There are some pretty spectacular views in this part of town into the old city, with the iconic Dome of the Rock never far from view.
Rounding things off in this part of town is the Garden of Gethsemane, famous of course for being the spot where Jesus is said to have appeared to Mary Magdalene after rising from the dead.
The Church of the Holy Sepulctre
Back inside the Old City in the Christian quarter is the Church of the Holy Sepulctre. This was a place that I didn’t know much about prior to the trip so I was pleasantly surprised.
As well as some amazing architecture, this is the spot that many believe that Jesus was crucified, buried and rose from the dead.

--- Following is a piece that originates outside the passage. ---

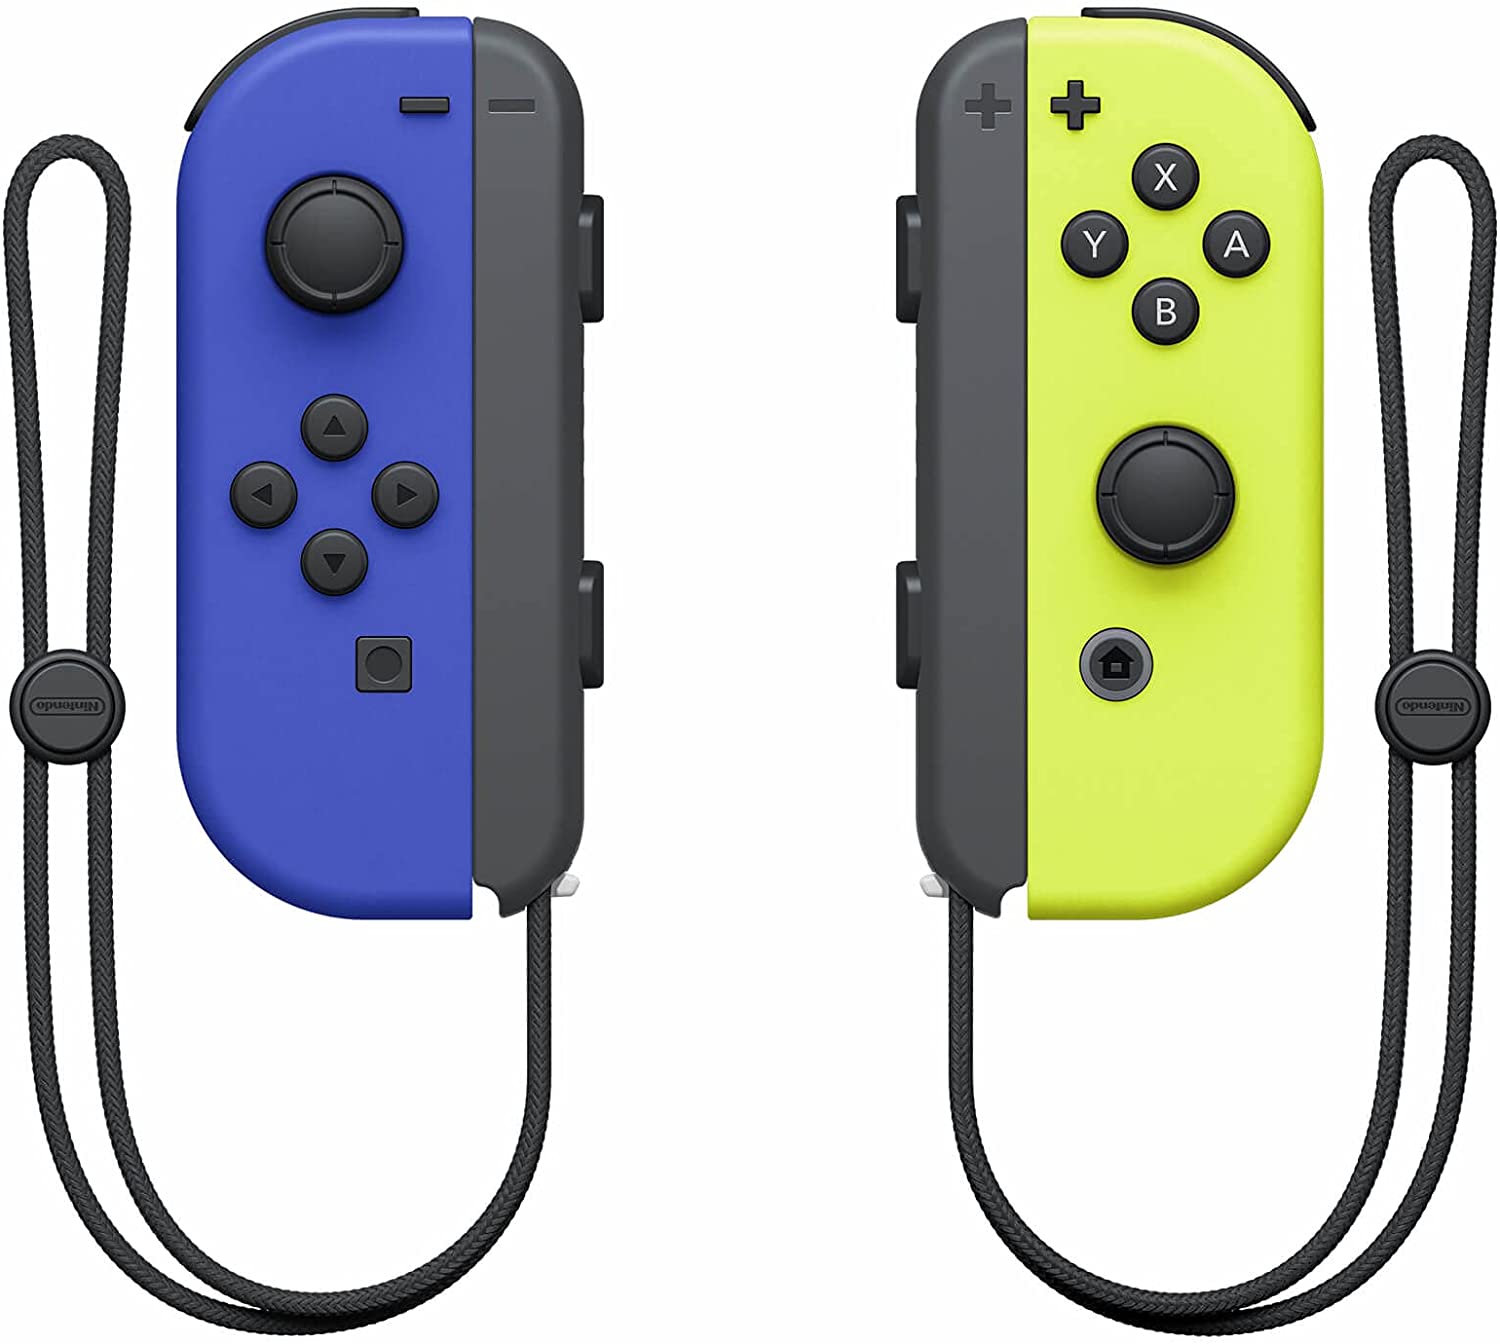 Set de 2 controles inalámbricos Joy-Con colores azul y amarillo (Neon Blue & Neon Yellow)

The photo below is believed to have been Jesus’s tomb; as expected the queue’s were pretty hectic but it was definitely worth the wait! A real mind-blowing spiritual experience.
The Western Wall
Also known as the Wailing Wall, the Western Wall is right next to Temple Mount. This ancient wall has been around for thousands of years, and usually has a large number of pilgrims praying, reciting scripture or entering their prayers into the cracks of the rocks.
Fascinatingly, this is right on the border of Temple Mount, so within 100m of devout Jews worshipping at one of their most sacred sites, you’ll be able to find devout Muslim’s at the Al-Aqsa mosque worshipping at one of their most sacred sites.
Tower of David (Citadel)
The Tower of David is huge, and is one of the first things that we saw on entering the Old City through Jaffa Gate. Apparently, this once belonged to King Herod a couple of thousand years ago, and I reckon he’d have had a decent view of the City from up there.
About twenty minutes out of the city is Yad Vashem, which is the Jewish Holocaust Museum. There are so many artifacts here that it takes three to four hours at least to go through the museum. Due to the sensitive nature of the topic, photo’s weren’t allowed in most of the museum, but rest assured that it was an eye-opening day.
Overall, Jerusalem was one of the most culturally rich cities that I’ve been to. Regardless of what faith (if any) you choose to follow, you can’t help but be impressed by how well preserved a lot of sites are here and how much history there is. The food and hospitality was on point as well – a great first impression of the Middle East!